Entertaining, as we do, this view of the true construction and meaning of the statute, we are bound to say to you, that the levy and description, made and returned by the sheriff, are valid and sufficient in law, and that the plaintiff's objection on this ground, can not avail him in this case.
It is contended by the counsel for the defendant that the several pieces or parcels of land, purchased by James A. Harris at different times, and from different persons, and of which he died seized, and which are delineated on the plots which have been submitted to you, adjoined each other, and constituted in fact one tract of land, and were so held by James A. Harris at the time of his decease. On the other hand, the counsel for the plaintiffs contends that these several pieces or parcels did not so adjoin each other as to constitute one tract, but were distinct and separate parcels, and were so held by Mr. Harris at the time of his death.
It will be for you, gentleman of the jury, to determine from the evidence before you, which of these two propositions or positions, is the true one; for upon the solution of the question, involved in these propositions, must depend your verdict.

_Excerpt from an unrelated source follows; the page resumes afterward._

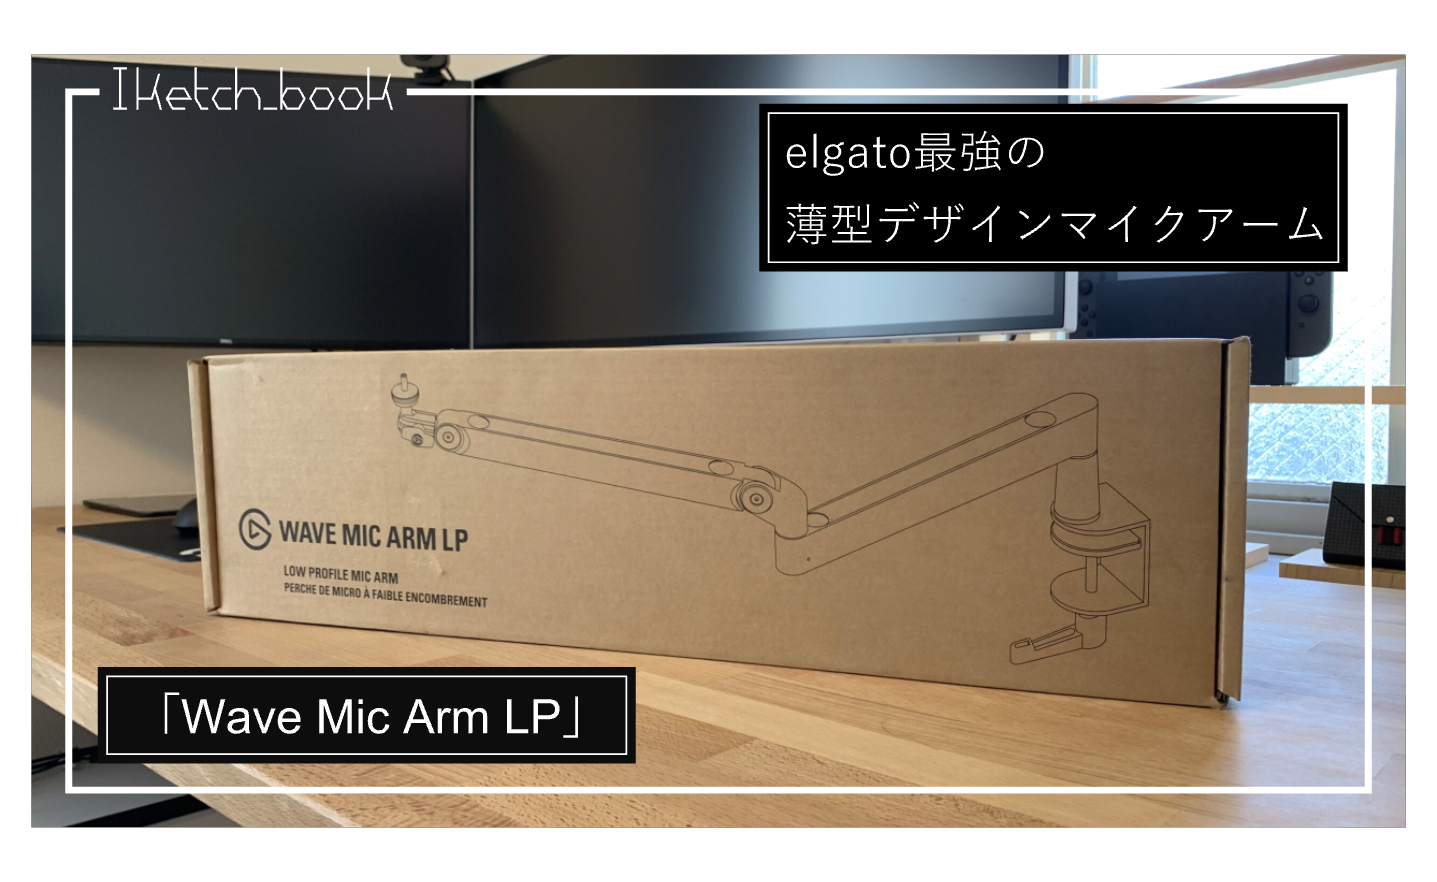 Elgato Wave Mic Arm LP 薄型デザインマイクアーム

The description of the land levied on, as recited in the Venditioni Exponas, and set out in the sheriff's deed — namely "No. 2, a certain tract or parcel of land situate in Dagsboro Hd. and county of Sussex, containing 140 acres, more or less, and no improvements, adjoining lands of Joseph Kollock and others, a part of which is cypress swamp," is sufficient to cover and include all the lands of which James A. Harris died seized situate in Dagsboro Hundred in this County, which adjoined lands of Joseph Kollock and others, upon which, at the time of the levy, there were no improvements, and a part of which was a cypress swamp. And the fact, that the tract contained more than 140 acres will not, of itself, vitiate or avoid the sale; and the purchaser, the defendant in the case, is entitled to all the lands which are fairly included in the description contained in the levy, although the quantity may exceed 140 acres. For where a tract of land is put up and sold as such by the sheriff, that is, sold as a tract of so much land, "more or less," the purchaser takes the whole tract, without reference to the computed quantity which it is said to contain.
The question therefore you are called upon to determine according to the evidence, is, whether the land in dispute constituted an adjoining part of the lands of which James A. Harris died seized, situate in Dagsboro Hd. in this County which adjoined lands of Joseph Kollock and others. If you shall be satified from the evidence that such is the fact, then your verdict should be for the defendant.
On the other hand, if you are satisfied from the evidence, that the land in dispute did not constitute an adjoining part of the lands of which James A. Harris died seized, situate in Dagsboro Hundred in this County, which adjoined lands belonging to Joseph Kollock and others, your verdict should be in favor of the plaintiffs.